Tiro cayó fatalmente en manos de Alejandro Magno y el dique que construyeron los griegos alteró la geografía del litoral. A lo largo de dos milenios las mareas han ido acumulando arena a uno y otro lado y hoy la antigua isla es una península unida a la costa por un amplío istmo, cuyo origen artificial nadie sospecharía a primera vista.

SACRIFICIOS HUMANOS

La religión fenicia es, en su origen, una típica religión mediterránea cuyos mitos reproducen la alternancia anual propiciatoria de las cosechas. Esto nos indica que aquella sociedad fue agrícola antes que marinera, como todos sus vecinos del Oriente Próximo.

La religión se organizaba en torno a una tríada de dioses: el dios mayor, su esposa y un dios joven. El dios máximo o Él gobernaba sobre una serie de divinidades que vienen a ser manifestaciones locales de la tríada, entre ellos Baal o «señor», dios de los fenómenos atmosféricos; Dagon, dios de los cereales y las cosechas, y Aliyan-Baal, de las aguas subterráneas y manantiales.

Melkart, dios mayor de Tiro, se identificó, en los autores clásicos, con el Heracles griego, y su pareja, Astarté, primitiva diosa de la fecundidad equivalente a la Ishtar babilónica, con Afrodita, la diosa del amor. Estos dioses, implantados en las colonias de Iberia, ejercerían profunda influencia en el sur de nuestra península. Algunos autores han querido relacionar ciertos aspectos de la moderna devoción popular a la Virgen María con per vivencias del culto a la deidad femenina fenicia. En cualquier caso, la religión constituye uno de los más sólidos valores culturales aportados por los fenicios a nuestra península.
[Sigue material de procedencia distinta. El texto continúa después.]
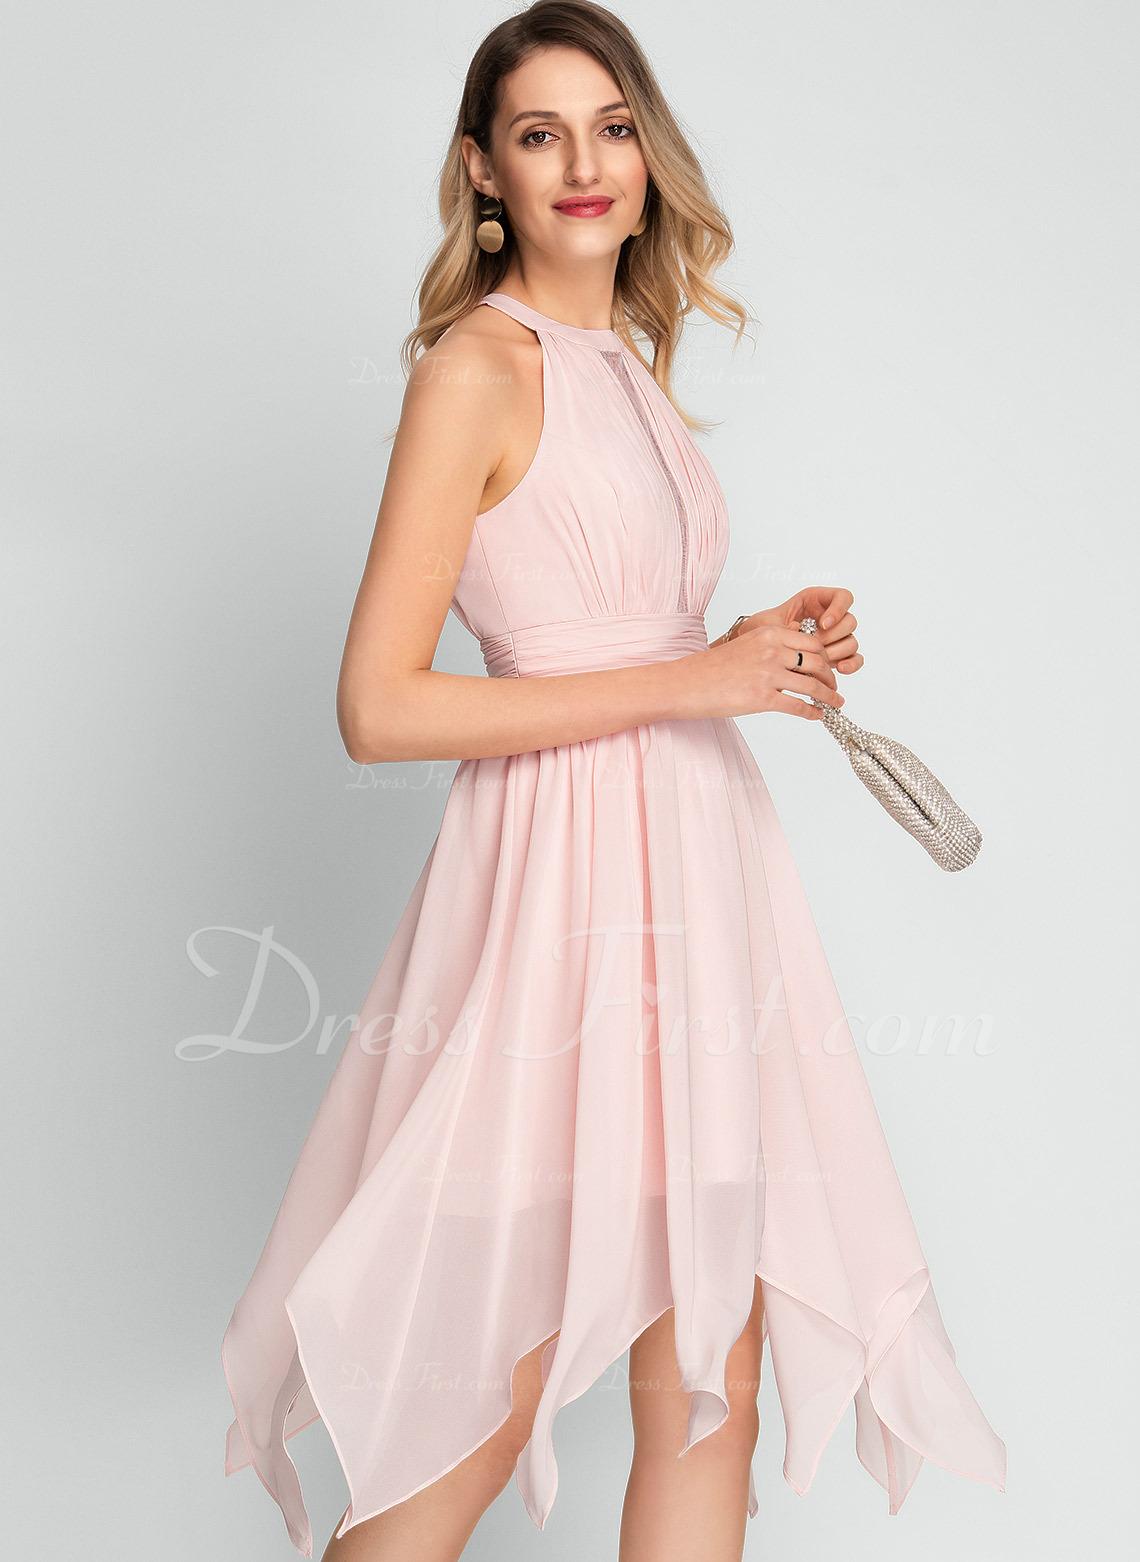 A-Line Scoop Neck Asymmetrical Chiffon Cocktail Dress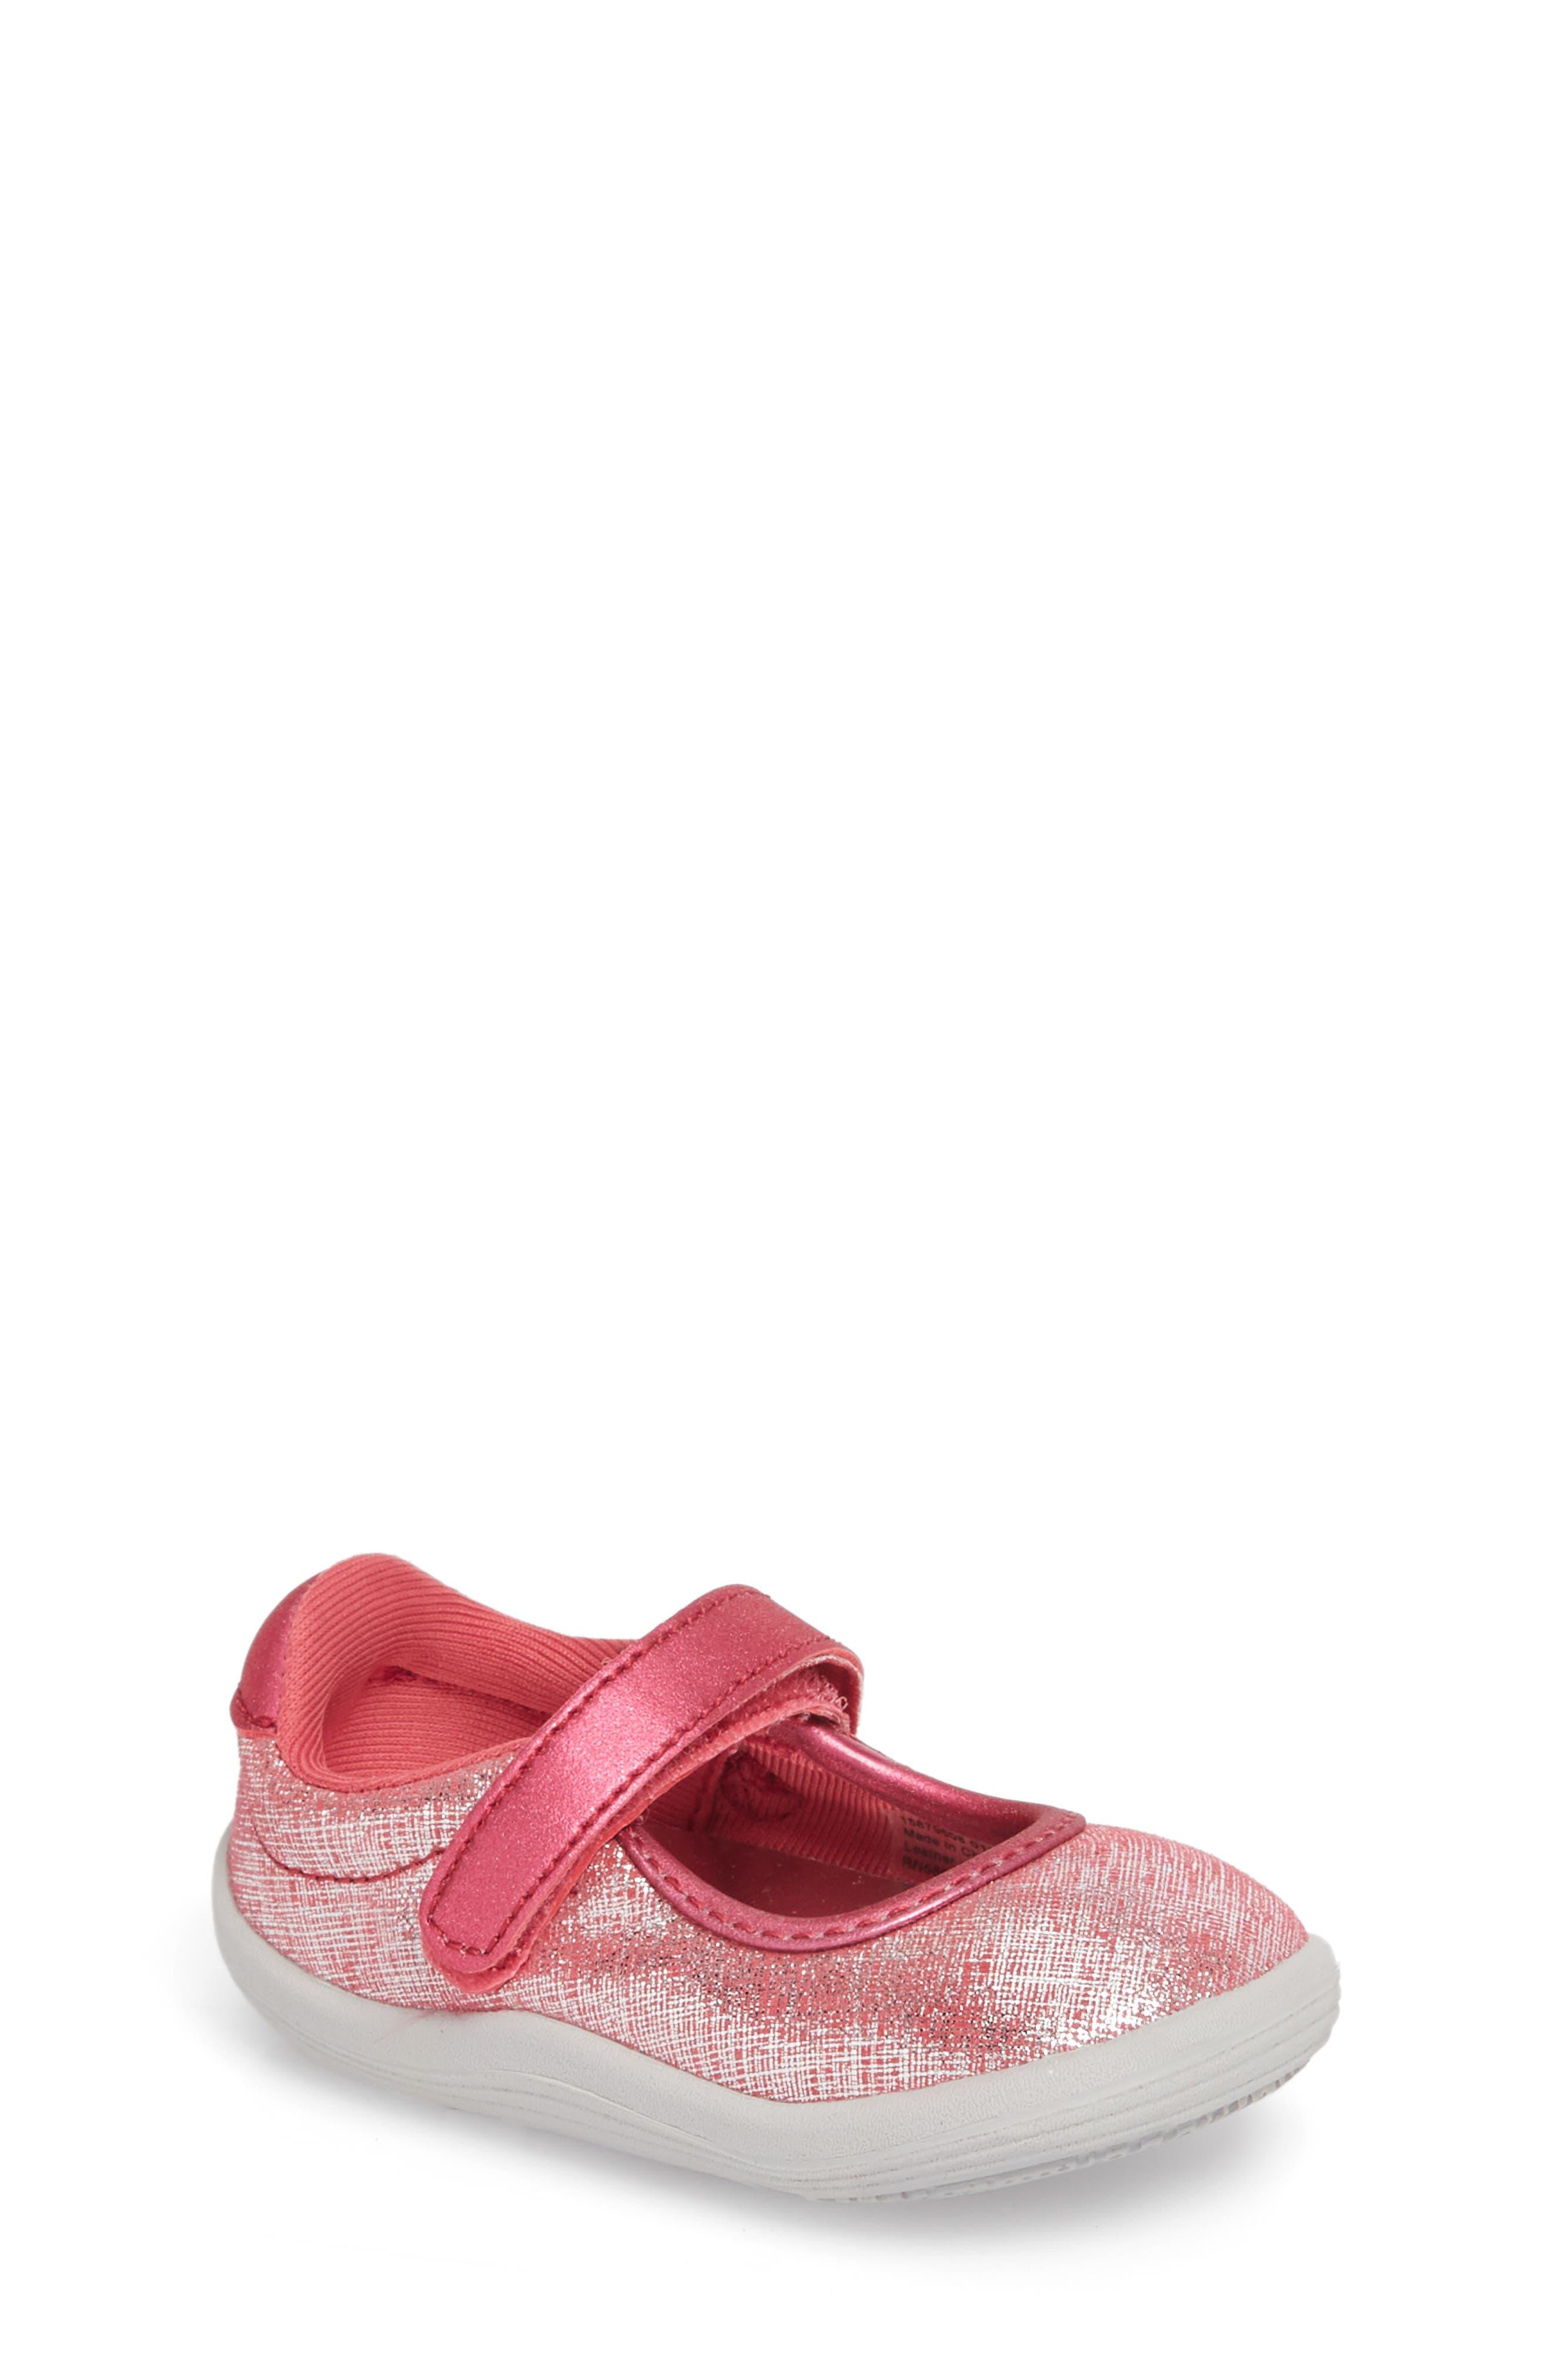 Nora Metallic Mary Jane Sneaker,                             Main thumbnail 1, color,                             650

Representaciones de estos dioses y objetos de culto a ellos asociados aparecen en los yacimientos ibéricos incluso en niveles de época ya plenamente romana.

Un terrible aspecto de la religión fenicia fueron los sacrificios humanos con los que, cuando la comunidad se sentía en peligro, se intentaba aplacar la cólera de la divinidad. El historiador Diodoros se refirió a estos sacrificios en un pasaje de su obra: «Decidieron sacrificar en una gran fiesta a doscientos niños de las familias más importantes de la ciudad». Otro escritor antiguo. Tertuliano, transmite la terrible escena en que los padres «ahogaban en besos y caricias los alaridos de los niños» cuando los llevaban al sacrificio. Durante mucho tiempo, la posteridad, horrorizada, se negó a dar crédito a estos testimonios y los consideró mero infundio urdido por la propaganda del enemigo romano. No obstante, a principios de los años veinte de nuestro siglo, un descubrimiento arqueológico vino a confirmar los horrores de aquella práctica: en el solar de la antigua Cartago apareció una lápida en la que figuraba un sacerdote llevando en brazos a un niño. Sus descubridores excavaron en el lugar donde había aparecido la piedra y a seis metros de profundidad dieron con un subterráneo. Se trata de un templo, hoy conocido como «santuario de Baal» o «de Tanit», donde se han encontrado miles de urnas funerarias que contienen restos humanos carbonizados. Estas urnas aparecen a distintos niveles que van del siglo VIII a. de C. hasta la destrucción de Cartago en el III. Un examen de los huesos confirma que se trataba de niños, los más jóvenes de tan sólo unos meses de edad y los mayores de apenas diez años.

LA CULTURA FENICIA

Es casi inevitable que asociemos a los pueblos de la Antigüedad con sus creaciones materiales y, a ser posible, artísticas, que hoy rescatan los arqueólogos y exhiben los museos. A los egipcios los relacionamos con las pirámides; a los griegos con los templos columnados y las hermosas estatuas; a los romanos, con las grandes obras públicas. Pero a los fenicios no los podemos identificar con ninguna creación original. Lo más característico que produjeron, su flota, desapareció con ellos. En lo que se refiere a sus manifestaciones artísticas, sólo cabe indicar que su eclecticismo les restó originalidad. Como en un Tafwan de la época, no intentaban ser originales sino fabricar aceptables imitaciones de todo lo que se vendiera bien. Gente más proclive a la obtención de beneficios que a la pura recreación estética, no produjeron grandes obras destinadas a concitar la admiración de la posteridad, sino creaciones artesanas, a ser posible fabricadas en serie, pequeñas y fáciles de transportar y comercializar. El mérito fenicio fue servir de vehículo de intercambio cultural. Gracias a ellos entraron en contacto las más distantes riberas del Mediterráneo.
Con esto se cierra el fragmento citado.